All respondents in both study areas expressed that wildlife was present in their localities where it interacted with their livestock in grazing fields and watering points. Transmission of diseases between livestock and wildlife and predation were listed as the main problems arising from this interaction at equal proportions of 21/22 (95.5%) and 27/29 (93.1%) of the respondents in Laikipia and Maasai Mara respectively. This was followed by competition for pastures and water at 18/22 (81.8%) in Laikipia and 20/29 (69.0%) in Maasai Mara. Other problems such as destruction of crops and properties by wildlife and injuries to humans and livestock were listed by less than 20% of the respondents.

All respondents in both study areas had knowledge about tick-borne diseases and gave examples including anaplasmosis, East Coast Fever (ECF) and babesiosis. A significant proportion of the respondents had knowledge that tick-borne diseases can infect humans. These were 13/22 (59.1%) in Laikipia and 18/29 (62.1%) in Maasai Mara. A smaller proportion of 6/22 (27.3%) in Laikipia and 8/29 (27.6%) in Maasai Mara said there are no tick-borne diseases that can infect humans while 3/22 (13.6%) in Laikipia and 3/29 (10.3%) in Maasai Mara said they did not know.

The respondents who were aware about tick-borne zoonotic diseases however listed diseases such as ECF, babesiosis and anaplasmosis, which are not zoonotic except one in Laikipia who listed African tick-bite fever. They described the clinical signs in humans to include fever, vomiting, wounds, abortion, coughing, headache, itching, joint pains, swelling and watery eyes. This was interpreted to mean that despite not knowing the diseases by specific names, they were aware tick-borne diseases could infect humans. The respondents in both study areas do not undertake any deliberate efforts to minimize tick bites.

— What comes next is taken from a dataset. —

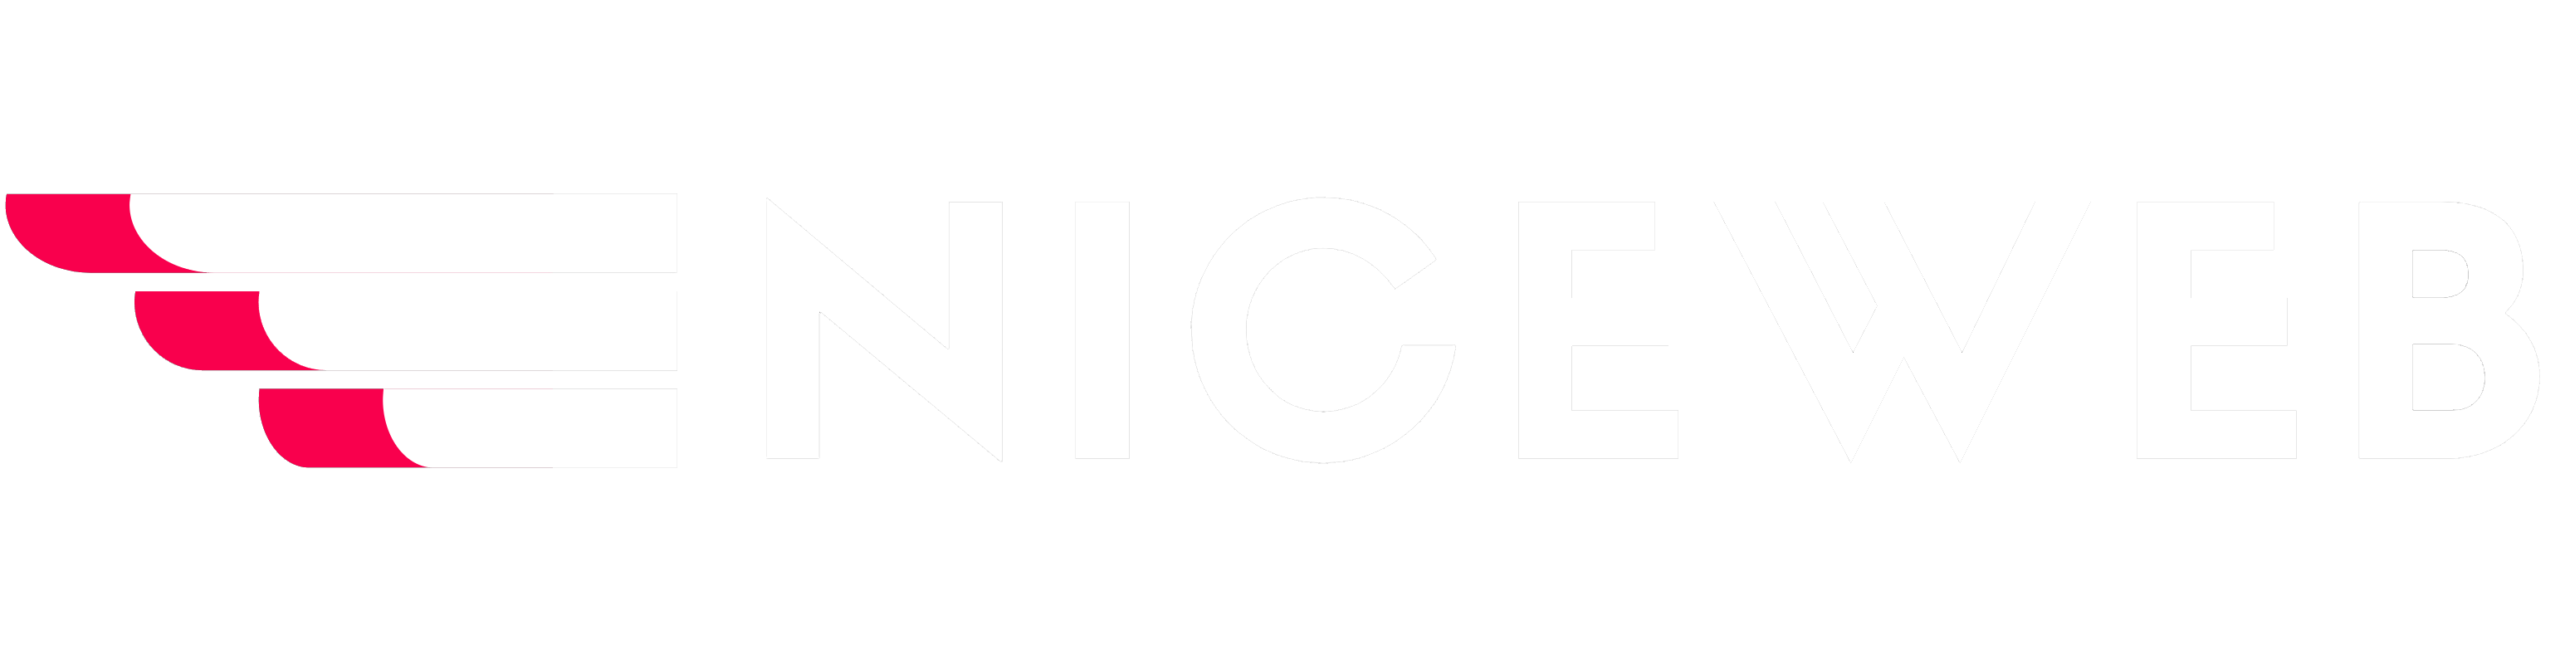 Niceweb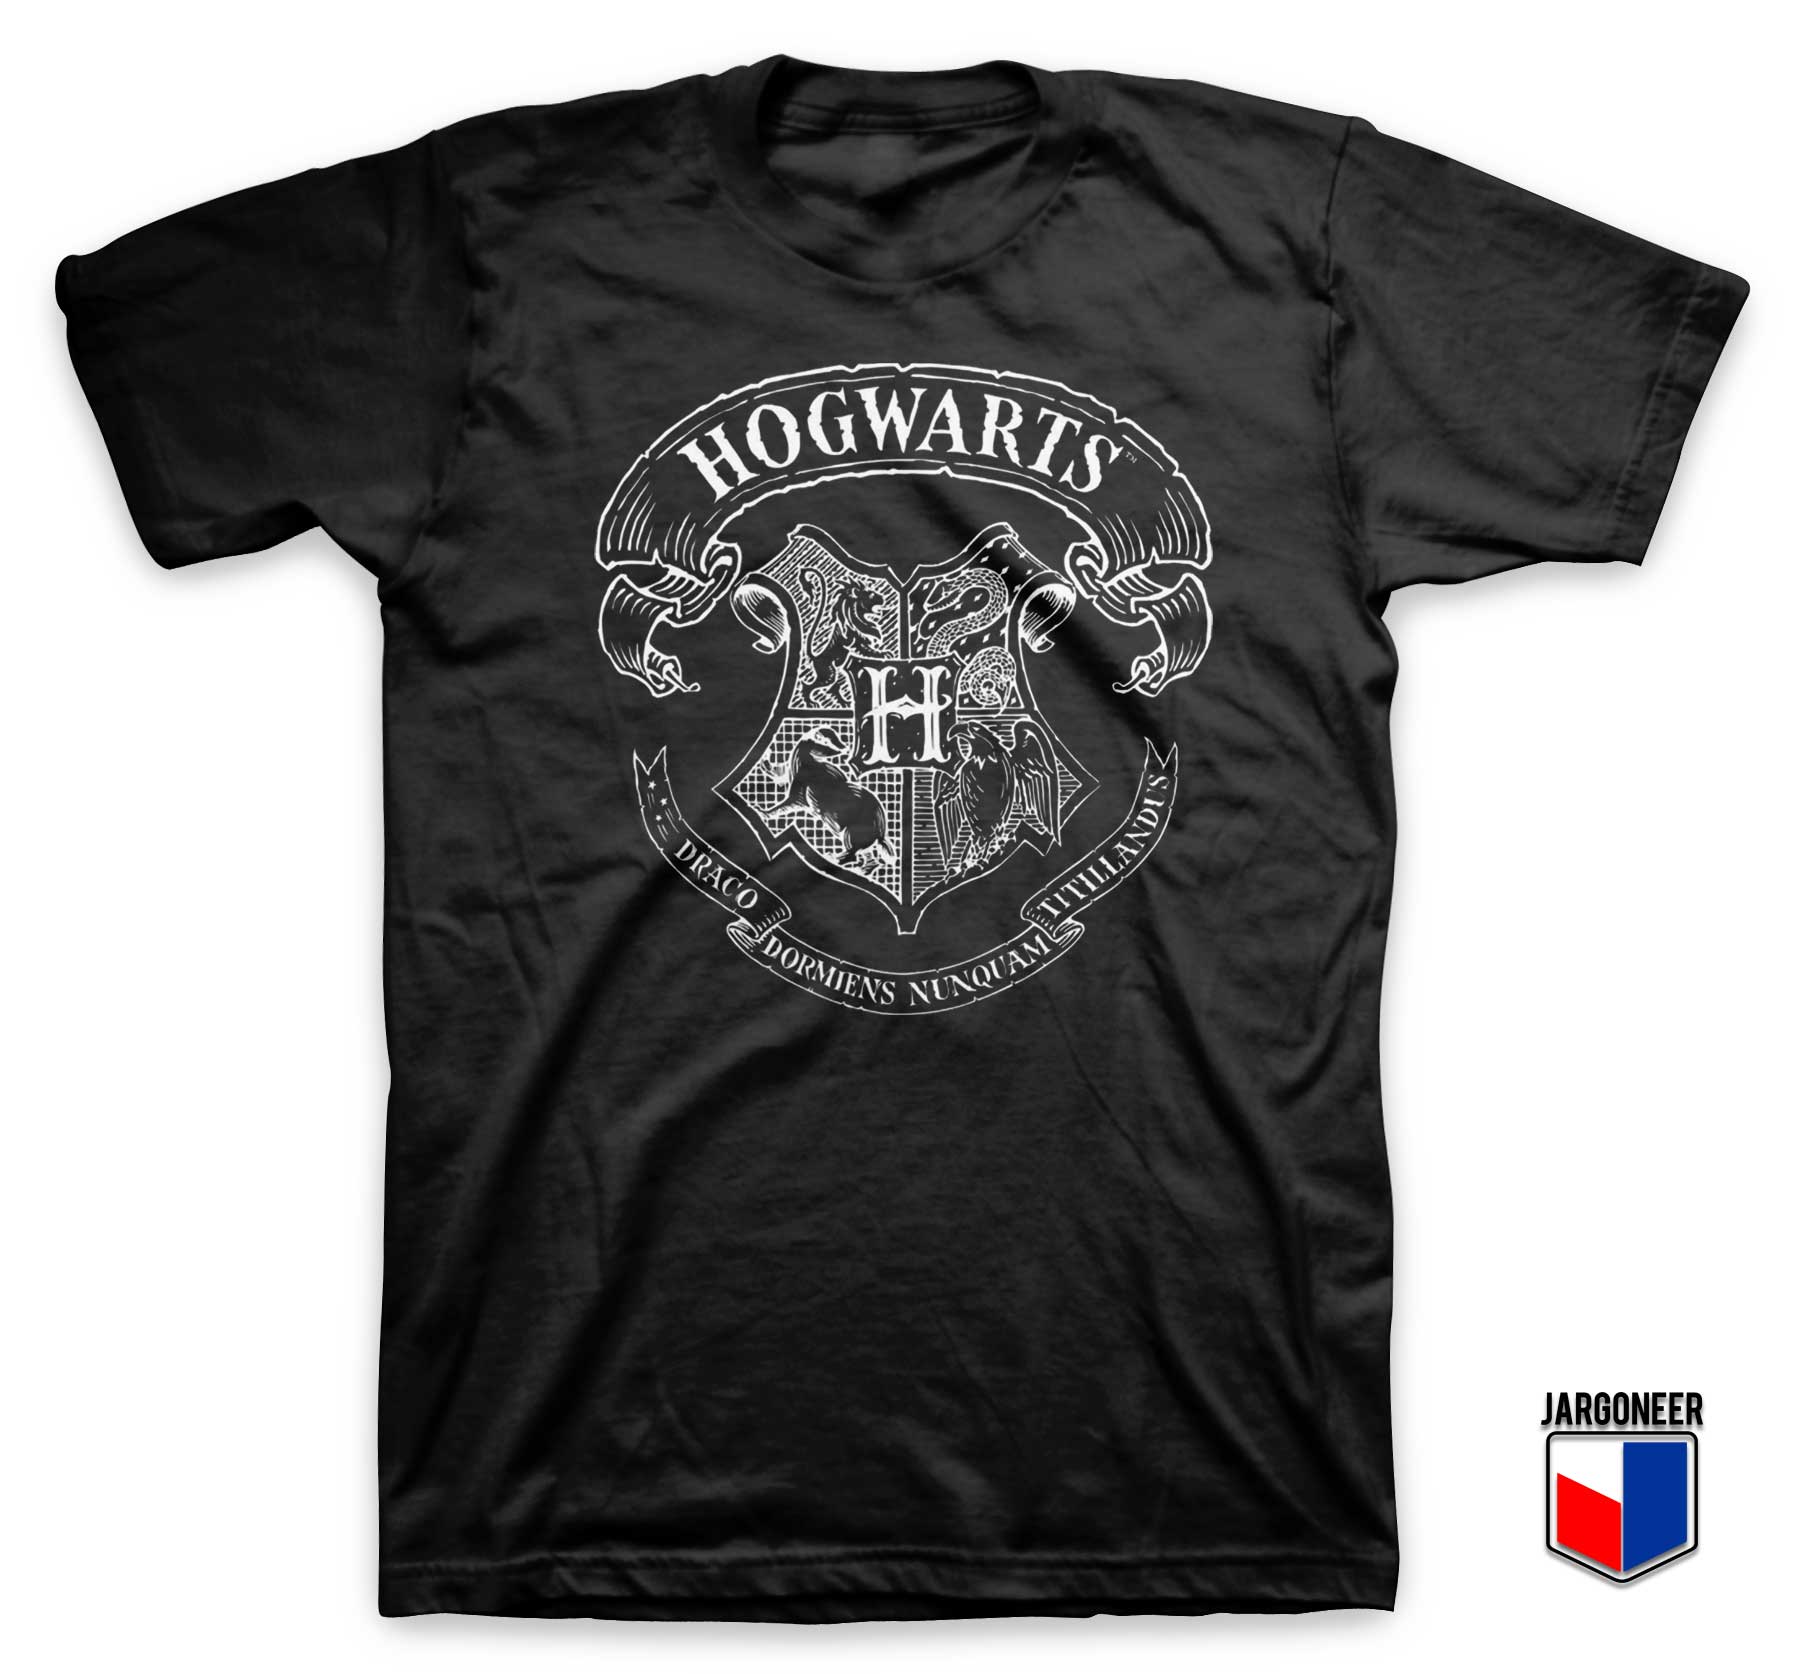 Harry Potter Hogwarts T Shirt - Shop Unique Graphic Cool Shirt Designs

The respondents were asked to give examples of other zoonotic diseases not necessary tick transmitted. At least half of the respondents, 11/22 (50%) in Laikipia and 16/29 (55.2%) in Maasai Mara, listed at least one of the following diseases: anthrax, brucellosis, helminthoses, leptospirosis, trypanosomiasis and diarrheal diseases. They listed the modes of transmission to include consumption of meat and untreated milk, contact with sick animals, handling materials from sick animals, inhalation, ecto-parasites (lice, fleas and ticks) and sharing sleeping quarters with animals. Sharing of sleeping quarters with sheep and goats was a common practice identified during the study particularly for young boys and respiratory problems attributed to allergy were said to be common by 8/22 (36.4%) and 4/29 (13.8%) of the respondents in Laikipia and Maasai Mara respectively. The respondents did not name any diseases that resembled SFGR or Q fever in livestock and humans.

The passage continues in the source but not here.